Although most proteins with solved structures adhere to the classical notion that proteins adopt one secondary structure scaffold that performs one specific function, there are a number of exceptions.5, 11 Such exceptions include fold‐switching proteins, which remodel their secondary structures in response to cellular stimuli, fostering changes in function or enabling tight cellular control. Because fold‐switching proteins do not conform to the classical notion, their dual conformations and functionalities are unlikely to be recognized by current homology‐based secondary structure predictors, which are largely trained on the structures of classically folded proteins. Here, we seek to leverage this observation by using inaccurate secondary structure predictions to identify potential FSRs within proteins. Previous efforts have identified flexible regions in proteins by identifying inconsistent secondary structure predictions among different predictors, though on a limited dataset.26

Here we show that poor secondary structure prediction accuracies (Q 3 < 0.6) can indicate that a protein (or region therein) switches folds. We first showed that secondary structure predictions that are inconsistent with experimentally determined protein structures are significantly more common in FSRs than in NFSRs, especially at low levels of accuracy. Given that secondary structure predictors cannot predict the two distinct secondary structure configurations of FSRs, this observation is not surprising, but it gives statistical power to our observation that secondary structure predictions of FSRs are often inconsistent with experiment.5 Thus, these differences can be used as a preliminary indicator of fold switching that relies on amino acid sequence and secondary structure annotations of one solved structure.
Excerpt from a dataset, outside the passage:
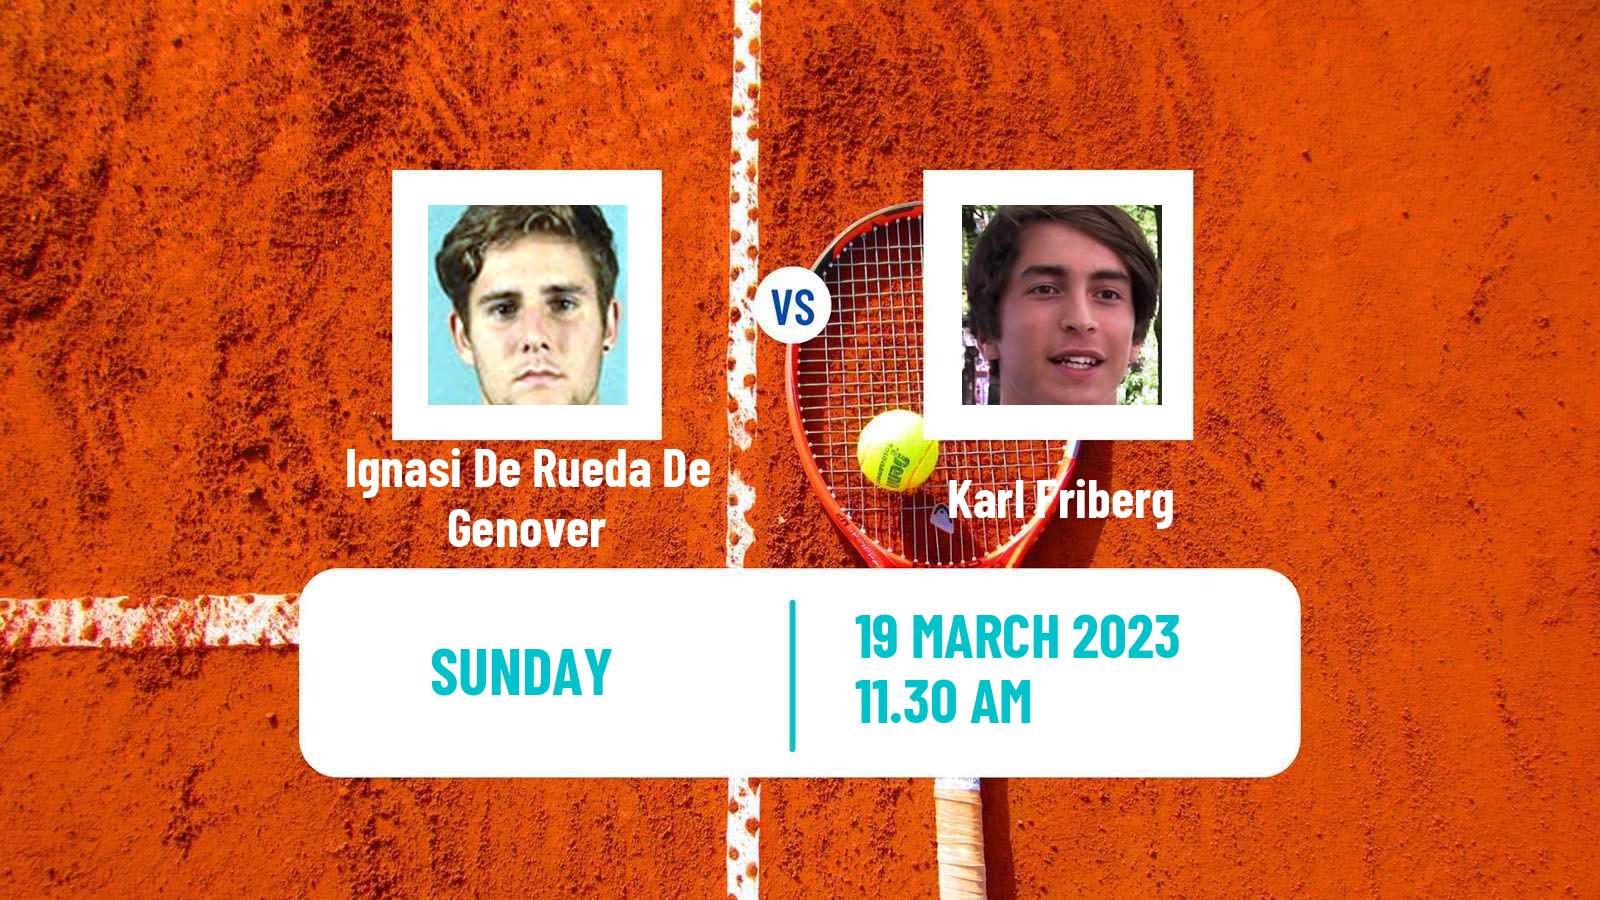 Tennis ATP Challenger Ignasi De Rueda De Genover - Karl Friberg

Although secondary structure prediction discrepancies are a good preliminary indicator of fold switching, they are not definitive, especially when Q 3 accuracies exceed 0.6. Other factors—such as independent folding cooperativity—appear necessary for proteins to switch folds.5 Furthermore, secondary structure prediction algorithms depend heavily on the available amino acid sequences of proteins with solved structures. Our results suggest that this dependence can lead to prediction bias when one configuration of a fold‐switching protein is overrepresented relative to another.
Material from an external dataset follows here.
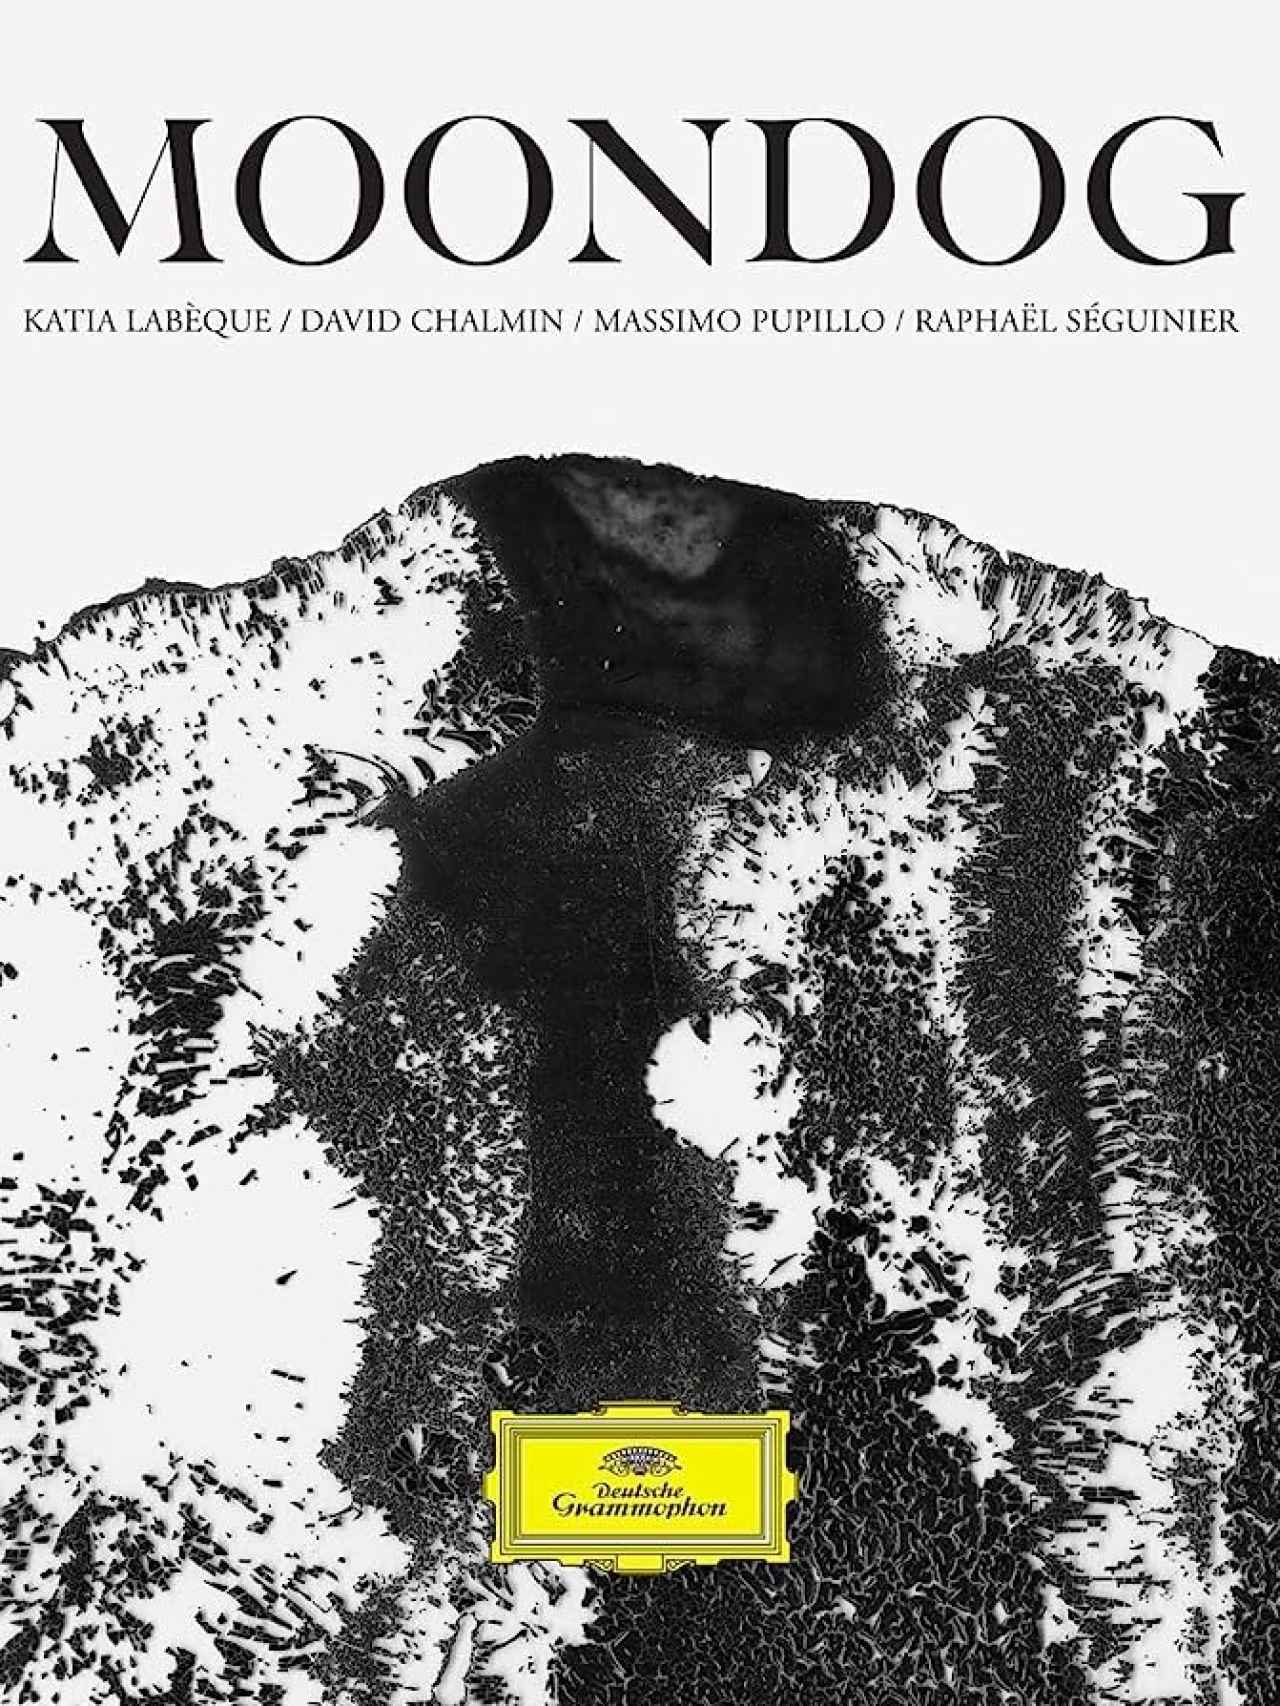 Un disco de Moondog para el sello Deutsche Grammophon

As other intrinsic physical properties of fold‐switching properties are identified, robust physically based predictions of fold switchers could be developed to circumvent the limitations of homology‐based predictions. For example, the prediction accuracies and biases of all three homology‐based secondary structure predictors were similar (Tables 2 and 3), indicating common strengths and weaknesses among all approaches. In contrast, physically based predictions would not be similarly misled by biased representation of protein structures in the PDB. Nevertheless, we used homology‐based secondary structure predictions because they are the current state‐of‐the‐art. For example, when the sequence of a protein of interest falls below the threshold of significant similarity,27 these sequence‐based secondary structure predictions remain a viable option for model building. In fact, homology‐based secondary structure predictions indicated the functions of unannotated archaeal genes with surprising robustness28; indeed, secondary structure was the best predictor of all sequence properties tested.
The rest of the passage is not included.